My first time I did this, I had a bit of help from my brother in case the 20 some guests didn't get it, but we didn't seem to have a problem. Just after dinner was finished, we had a lamp that was set up with an overhead projector plastic film on it (can you still get those these days?? heehee) and it had a clue about bats that was projected onto the ceiling. There was a bat set up next to a stack of books on the fireplace mantle. ONE of those books was one that was carefully pitted out by my bro to hold a note. Yours could hold a key or the sock itself with the note inside that you mentioned earlier.

In our, the final part was the finding of the key to the ghost who was haunting the mansion....which was attached to a skeleton hand in our backyard pond. I remember the shrieks when I heard them find it...it was amazing...but not as amazing as when they realized that the MAB_N on the keytag matched the name on the storage shed in the back and they finally located the corpse I'd set up there along with his diary of his terrible demise.

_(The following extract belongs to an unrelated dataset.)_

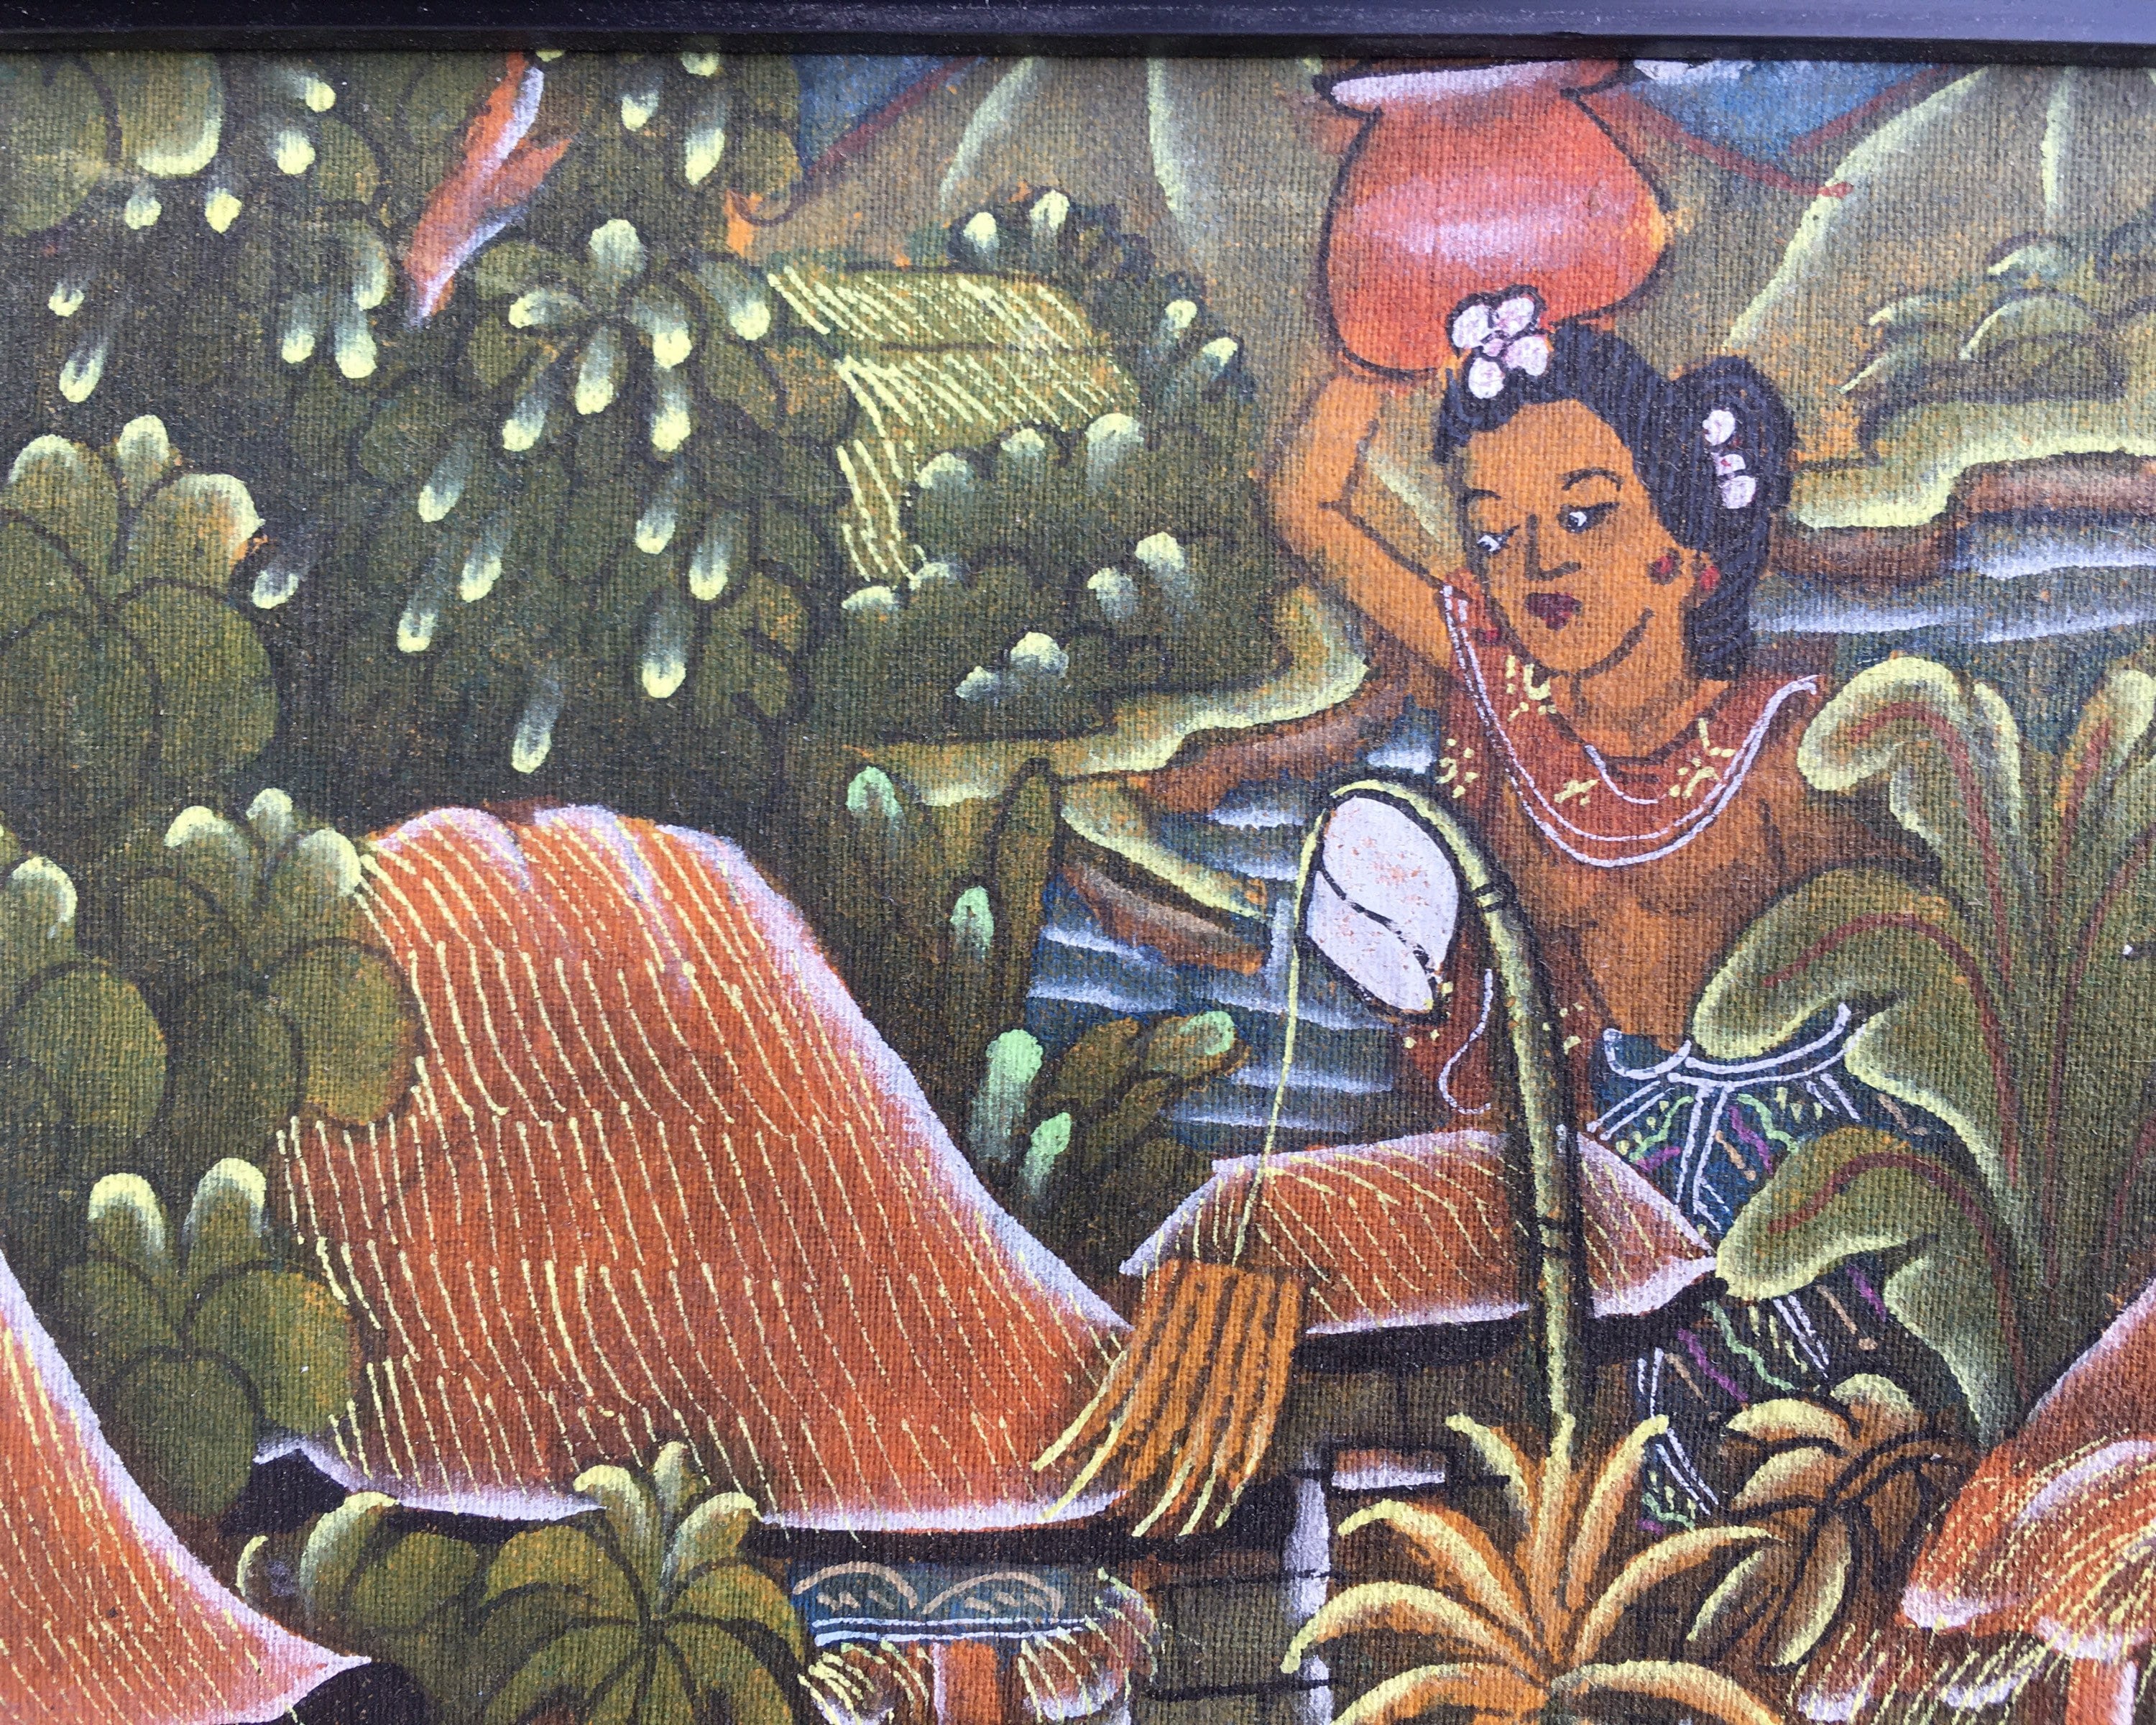  An image of a Balinese painting depicting a scene from an Indonesian folk story.

Anyway, just ideas that might spur you along...if you aren't ready yet, don't worry.....I've done dozens of these and some years, it's the night before and I'm still adding clues  Have fun!!!!


----------



## MsMeeple (Aug 21, 2004)

great_ghoul said:


> My first time I did this, I had a bit of help from my brother in case the 20 some guests didn't get it, but we didn't seem to have a problem. Just after dinner was finished, we had a lamp that was set up with an overhead projector plastic film on it (can you still get those these days?? heehee) and it had a clue about bats that was projected onto the ceiling. There was a bat set up next to a stack of books on the fireplace mantle. ONE of those books was one that was carefully pitted out by my bro to hold a note. Yours could hold a key or the sock itself with the note inside that you mentioned earlier.
> 
> In our, the final part was the finding of the key to the ghost who was haunting the mansion....which was attached to a skeleton hand in our backyard pond. I remember the shrieks when I heard them find it...it was amazing...but not as amazing as when they realized that the MAB_N on the keytag matched the name on the storage shed in the back and they finally located the corpse I'd set up there along with his diary of his terrible demise.
> 
> Anyway, just ideas that might spur you along...if you aren't ready yet, don't worry.....I've done dozens of these and some years, it's the night before and I'm still adding clues  Have fun!!!!

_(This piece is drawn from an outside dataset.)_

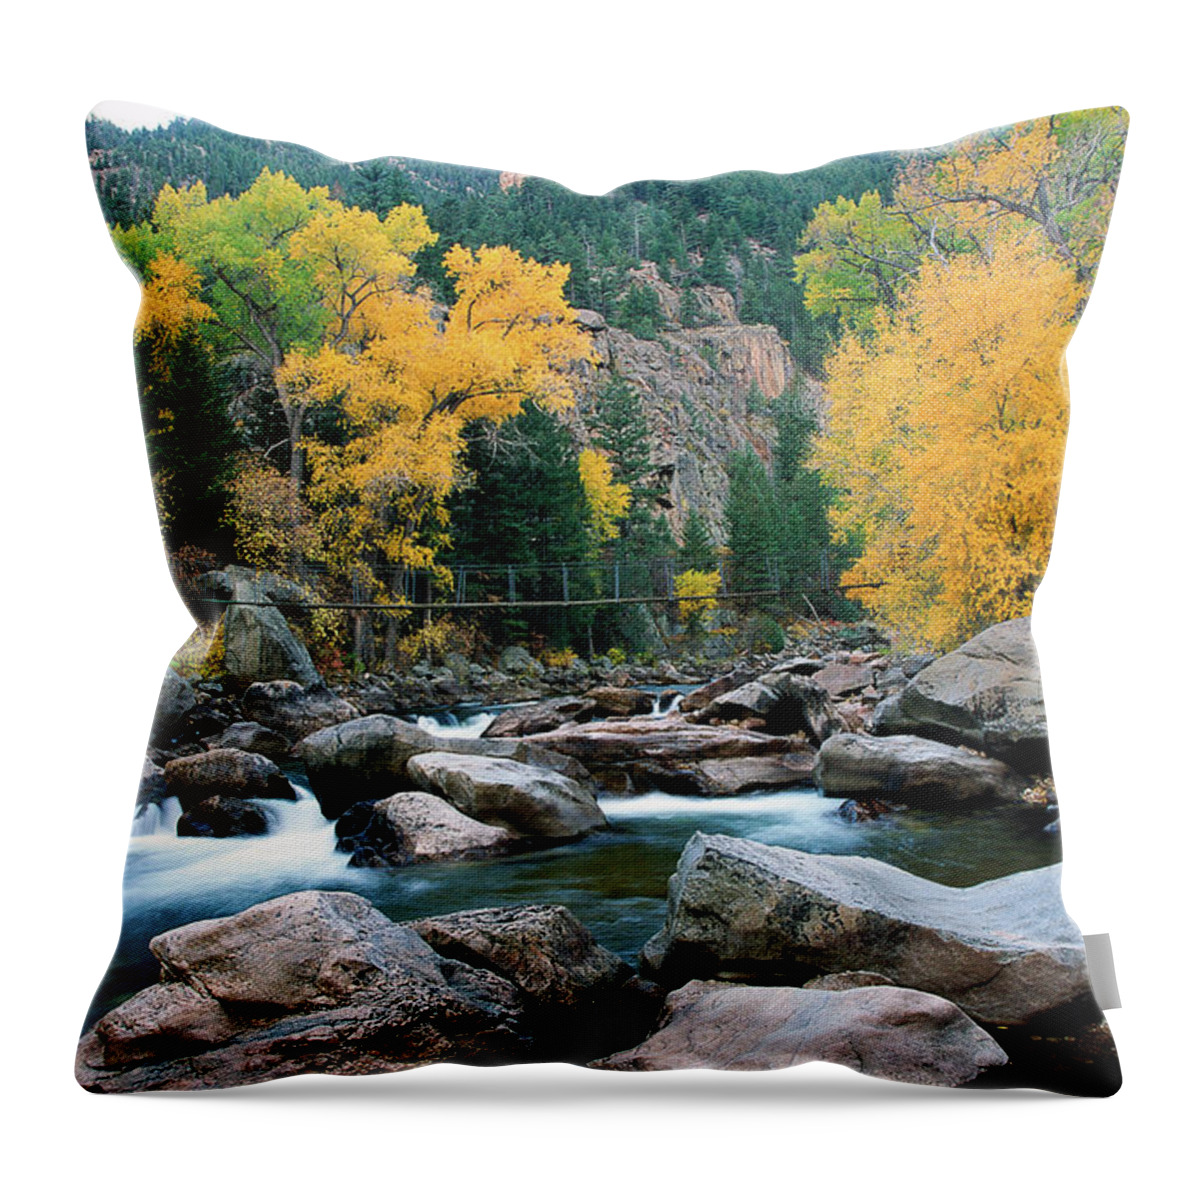 Colorado Throw Pillow featuring the photograph Poudre Gold by Jim Benest

Wow, that is really creative! Especially the part where they find the key and the number on it leads them to the shed! I hope I can come up with such difficult and creative clues. Thanks for posting.

MsM


----------



## great_ghoul (Aug 14, 2004)

Hope it's still going well Ms Meeple.....I would love to see pics when you get through. I have several Dutch people attending my party this year again (many of them much older, and I might like to use your sock idea for my party....it would help bring a lot of people together if only SOME people had a clue about "the clues"...if you know what I mean). 

In any case, message me if you need anything more detailed or if you get stuck...but it sounds like you are well on your way. Best wishes for a very happy, and haunted halloween!!!!


----------